The appellant filed a Notice of Appeal to this Court both from the order of remand and from the denial of the writ of habeas corpus. In connection with the filing of the notice, appellant also filed a petition for a stay of the order of remand and requested that he be enlarged on bail pending appeal in the habeas corpus case. The motion for stay was initially heard by another panel of this Court but, on account of the absence of the transcript of proceedings before the district court, that panel of the Court reset the case before us for determination on the merits, carrying the motion for stay with the case. After studying the transcript and hearing oral argument, we entered an order enlarging the appellant on his execution of a $500 bond signed by himself pending our determination of the case on appeal. He has made this bond and has now been released pending final determination of the case.

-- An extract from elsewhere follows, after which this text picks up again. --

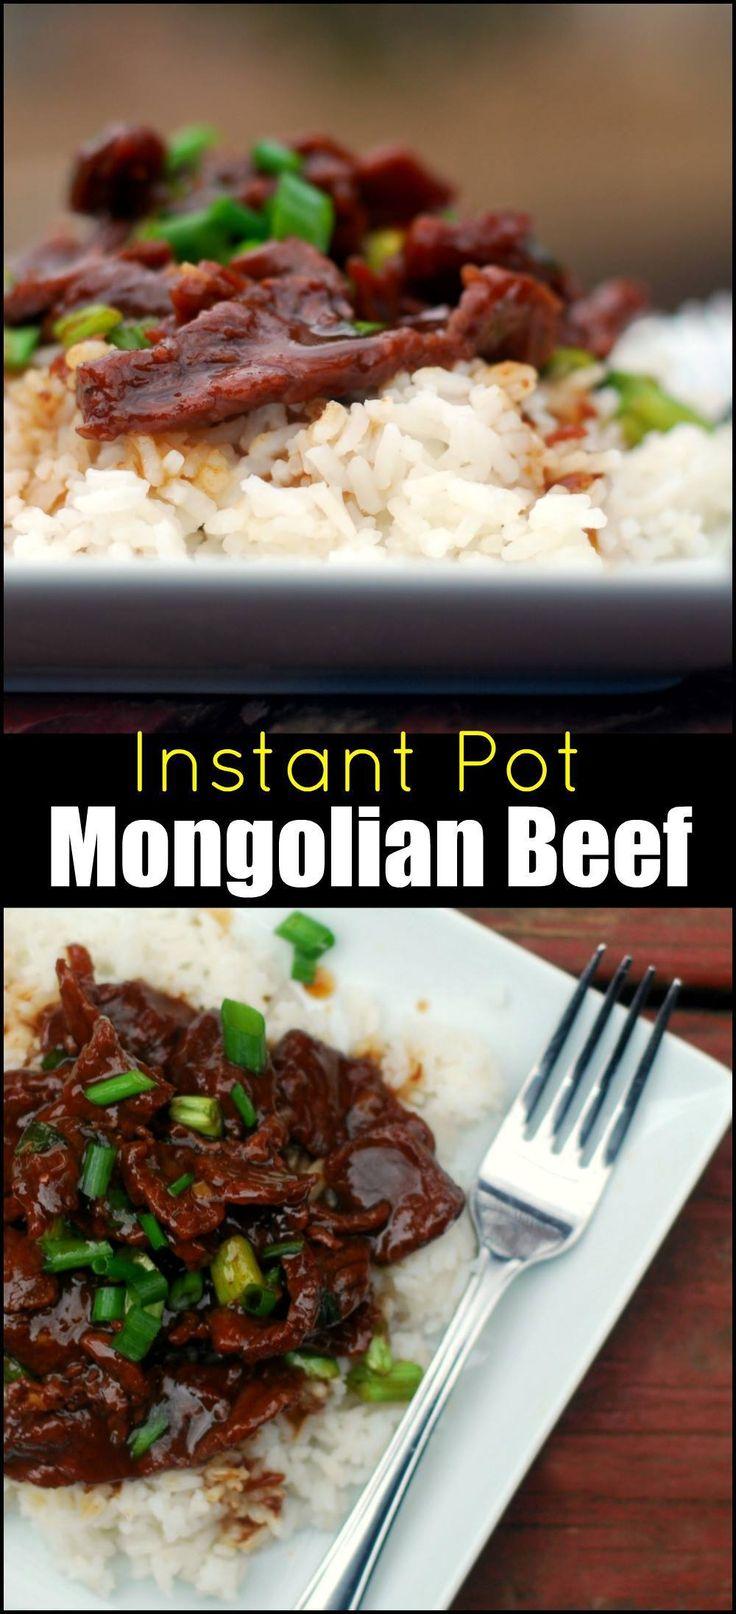 Instant Pot Mongolian Beef | Aunt Bee's Recipes

In the present posture of the case we need not determine whether the trial court erred in remanding the case to the state court. The disposition we make of the case moots that question. We proceed at once to the habeas corpus appeal. If Harvey can show an unconstitutional deprivation of his liberty by reason of basic defects in the state court proceedings, and if he has exhausted his state remedies, the petition for habeas corpus is the proper means to test the validity of the state court judgment.

In order to test jurisdiction of the federal courts, we turn first to the question of exhaustion of state remedies. In considering such remedies, we look of course to the state of the matter at the time the federal habeas corpus petition was filed. Fay v. Noia, 372 U.S. 391, 83 S.Ct. 822, 9 L.Ed.2d 837.5

What remedies, then, were open to Harvey after he learned, several days after the time for appealing his judgment of conviction had expired, that he stood convicted and sentenced to pay a $500 fine and serve 90 days in jail if he desired to raise constitutional questions attacking the trial and sentence? The appellee here points to the Mississippi Statute providing for the writ of habeas corpus. Section 2815 of the Mississippi Code of 1942 as amended, states:

"The writ of habeas corpus shall extend to all cases of illegal confinement or detention
...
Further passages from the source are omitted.